I am trying to get all occurences of a group of patterns in an arbitrary string, much like this:
my $STRING = "I have a blue cat. That cat is nice, but also quite old. She is always bored.";
foreach (my @STOPS = $STRING =~ m/(?<FINAL_WORD>\w+)\.\s*(?<FIRST_WORD>\w+)/g ) {
print Dumper \%+, \@STOPS;
}
But the outcome is not what I expected, and I don't fully understand why:
$VAR1 = {
'FINAL_WORD' => 'old',
'FIRST_WORD' => 'She'
};
$VAR2 = [
'cat',
'That',
'old',
'She'
];
$VAR1 = {
'FINAL_WORD' => 'old',
'FIRST_WORD' => 'She'
};
$VAR2 = [
'cat',
'That',
'old',
'She'
];
$VAR1 = {
'FINAL_WORD' => 'old',
'FIRST_WORD' => 'She'
};
$VAR2 = [
'cat',
'That',
'old',
'She'
];
$VAR1 = {
'FINAL_WORD' => 'old',
'FIRST_WORD' => 'She'
};
$VAR2 = [
'cat',
'That',
'old',
'She'
];
If there is no better solution I could live with what is in @STOPS
in the end and omit the loop. But I would prefer to get every pair of matches separately, and I don't see a way.

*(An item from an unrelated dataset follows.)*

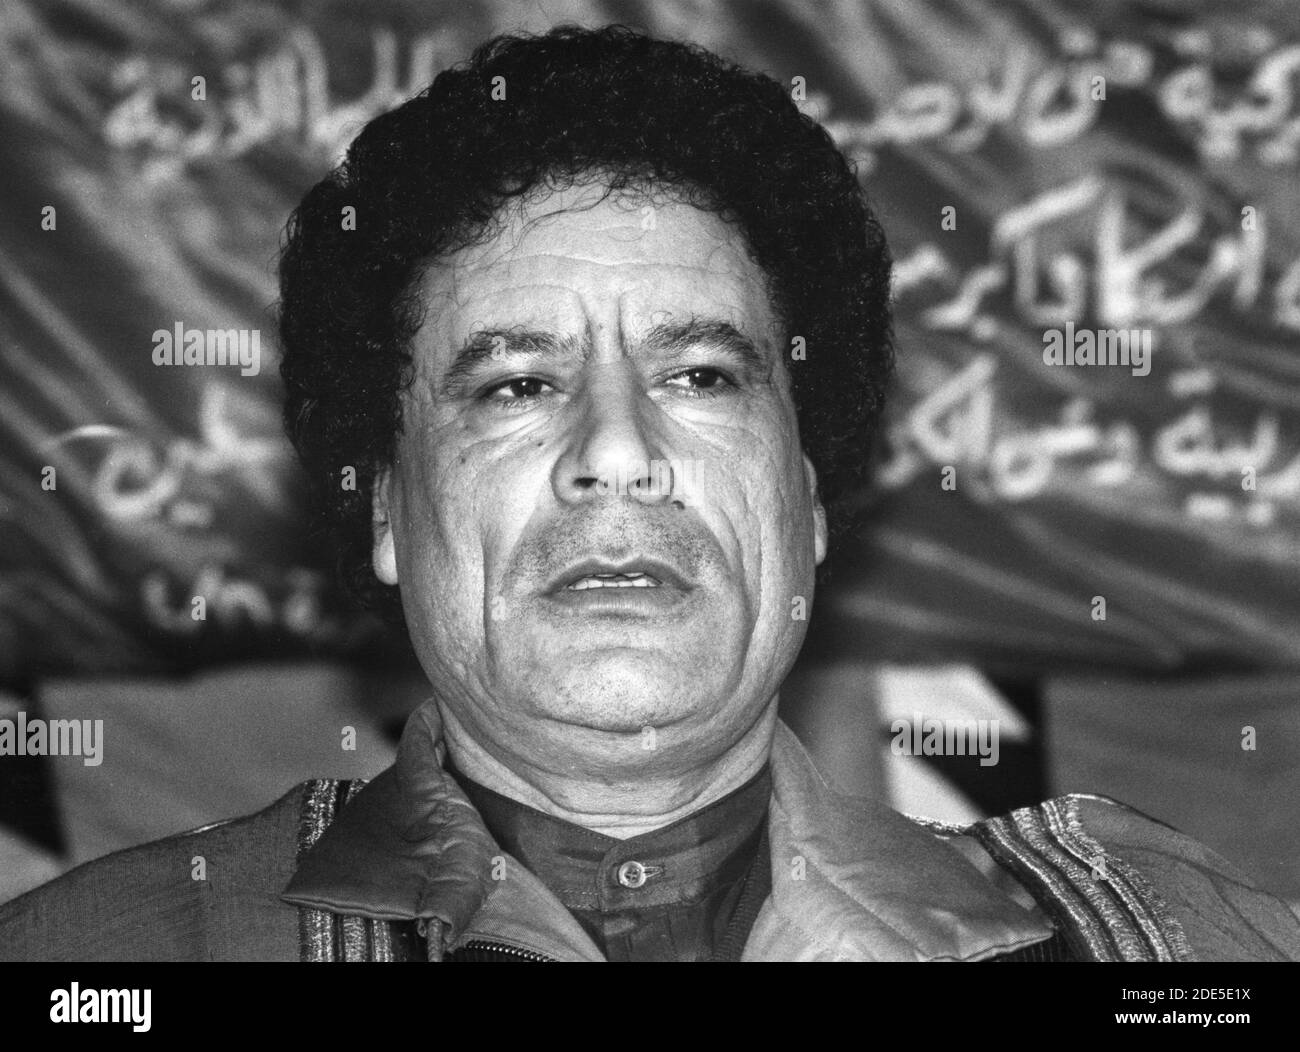 Tripoli, Libia, 1988 gennaio - il leader rivoluzionario libico Muammar al-Gheddafi nel gennaio 1988 in una tenda di visitatori alla periferia di Tripoli, Libia Foto Stock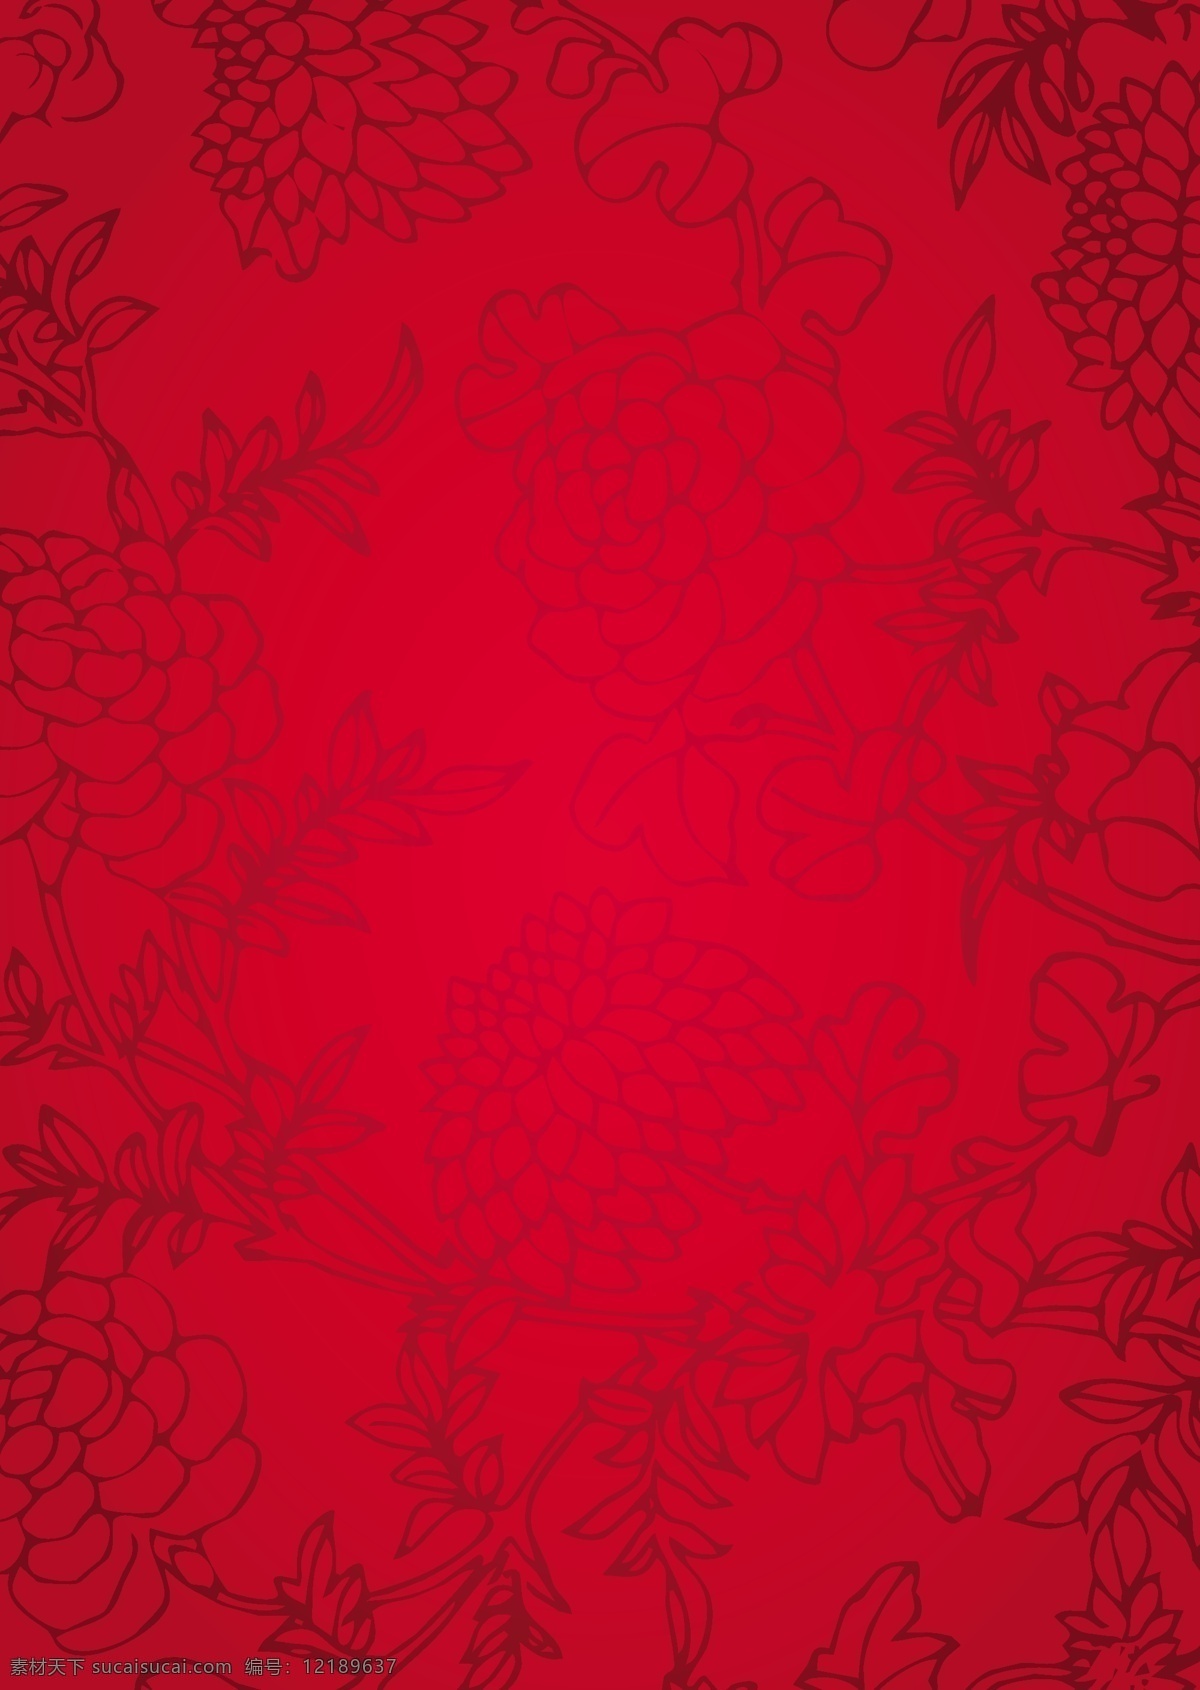 花 案 中国 传统 纹理 背景 矢量 花纹 红色 简约 卡通 设计素材 平面素材

But why then is the loop executed multiple times anyway?
Thank you in advance, and Regards,
Mazze
You need to use a while
loop not a for
loop:
while ($STRING =~ m/(?<FINAL_WORD>\w+)\.\s*(?<FIRST_WORD>\w+)/g ) {
print Dumper \%+;
}
Output:
$VAR1 = {
'FIRST_WORD' => 'That',
'FINAL_WORD' => 'cat'
};
$VAR1 = {
'FIRST_WORD' => 'She',
'FINAL_WORD' => 'old'
};
The for
loop gathers all the matches at once in @STOPS
and %+
is set to the last global match. The while
loop allows you to iterate through each global match separately.
According to perldoc perlretut:
The modifier
/g
stands for global matching and allows the matching operator to match within a string as many times as possible. In scalar context, successive invocations against a string will have/g
jump from match to match, keeping track of position in the string as it goes along. You can get or set the position with thepos()
function.